The core move is to route by step class, not to pick one model for the whole agent. An open-source model and a frontier model have different sweet spots, and an agent conveniently separates into steps that map onto each.
The high-volume steps — classify an input, summarize a tool result, decide whether to keep looping, format the final answer, route to the right sub-task — run well on a free OSS model. They're the calls your agent makes the most of, so they're where the free allowance does the most work. Pin a model like meta/llama-3.1-8b-instruct for the fast, frequent ones and meta/llama-3.1-70b-instruct when a step needs more capability but still isn't the hard part.

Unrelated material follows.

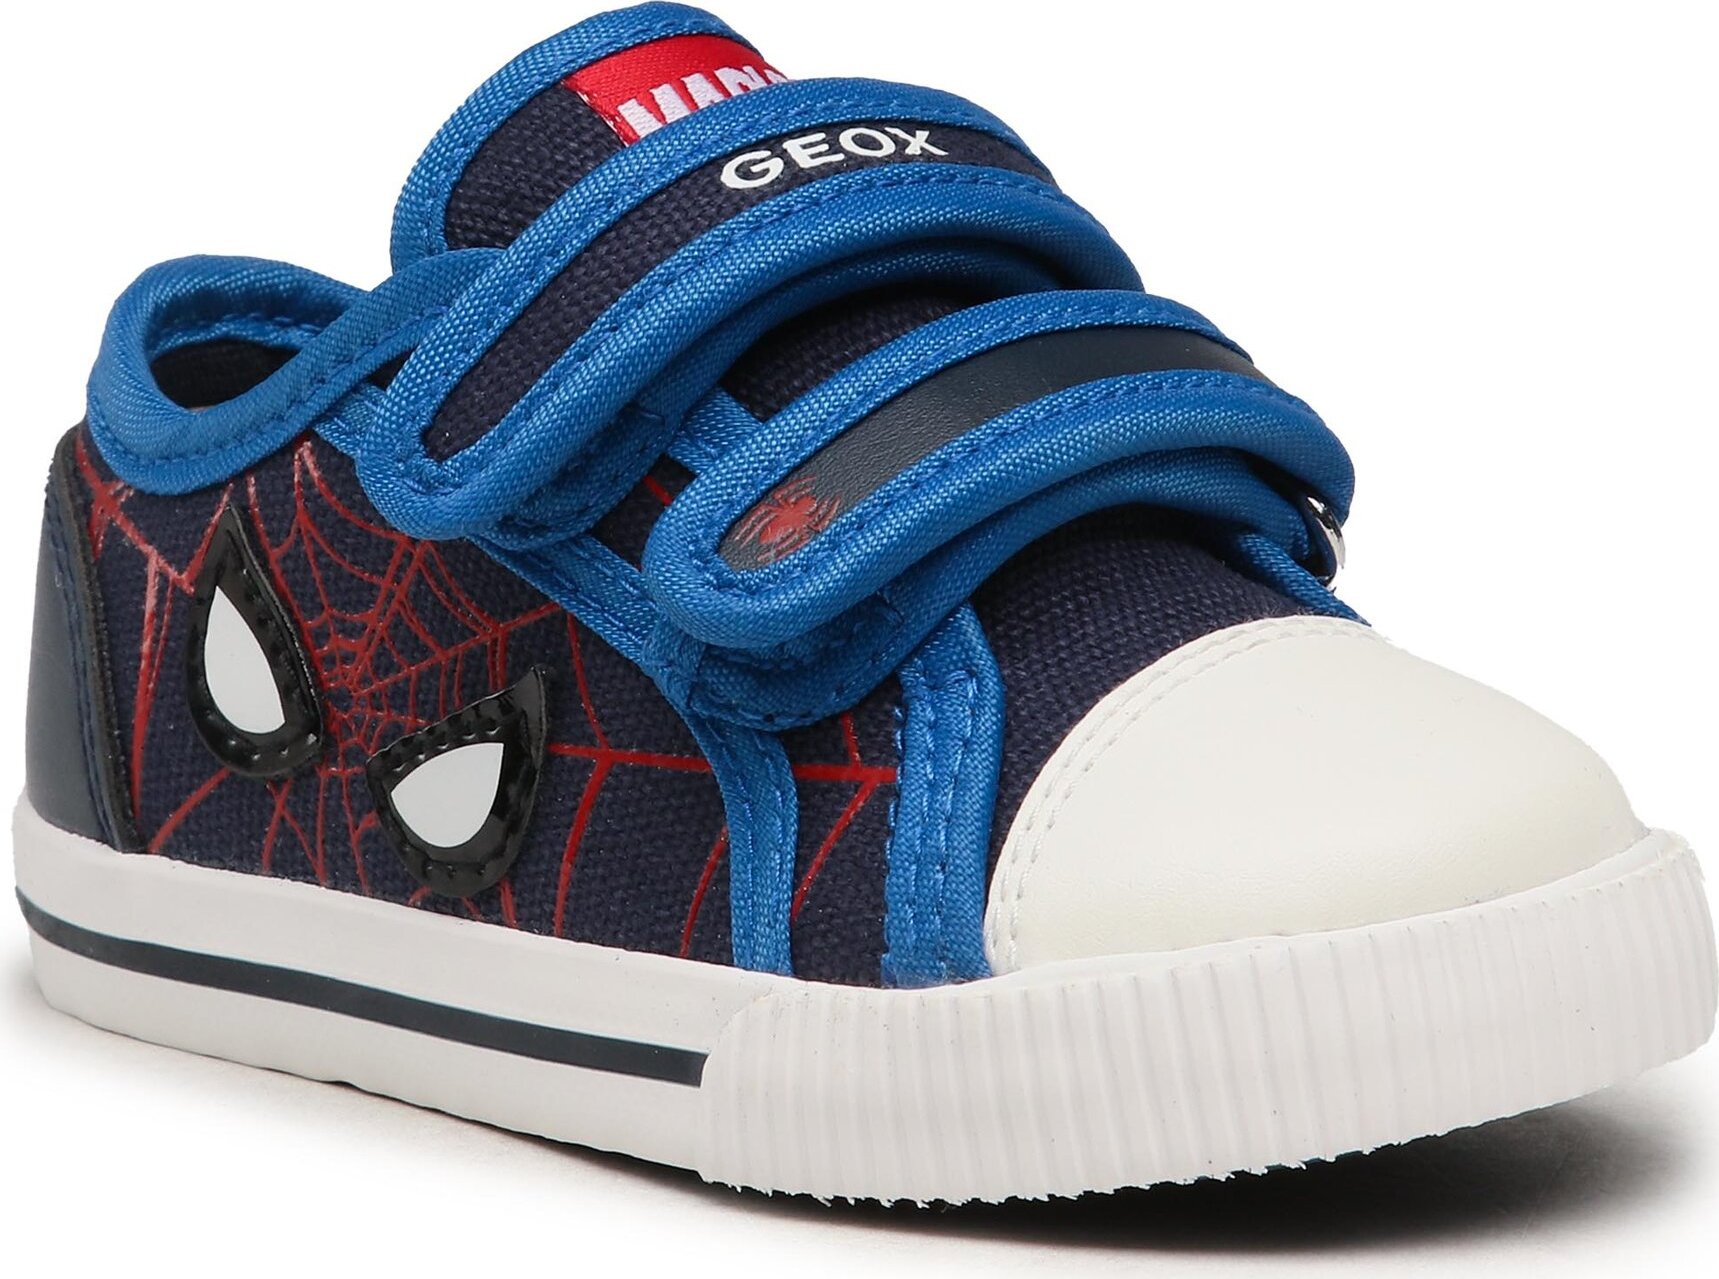 Tenisky Geox SPIDER-MAN B Kilwi B. A B35A7A 01054 C0735 M Navy/Red

The hard steps — decompose an ambiguous goal into an ordered plan, reason over a large heterogeneous context, recover from a failed multi-step sequence — are where you want a frontier model. Set the model to claude-sonnet-4-6 or gpt-4o for just that call, then drop back to the free model for the rest of the loop. Because the hard steps are the rare ones, you pay frontier rates on a small slice of traffic while the free tier absorbs the bulk.
For the heavier planning calls you can also reach for claude-opus-4-8 or a long-context Gemini model like gemini-2.5-pro (or gemini-2.5-flash when you want a cheaper frontier option). All of them are the same one-line model change through the same key and the same base URL.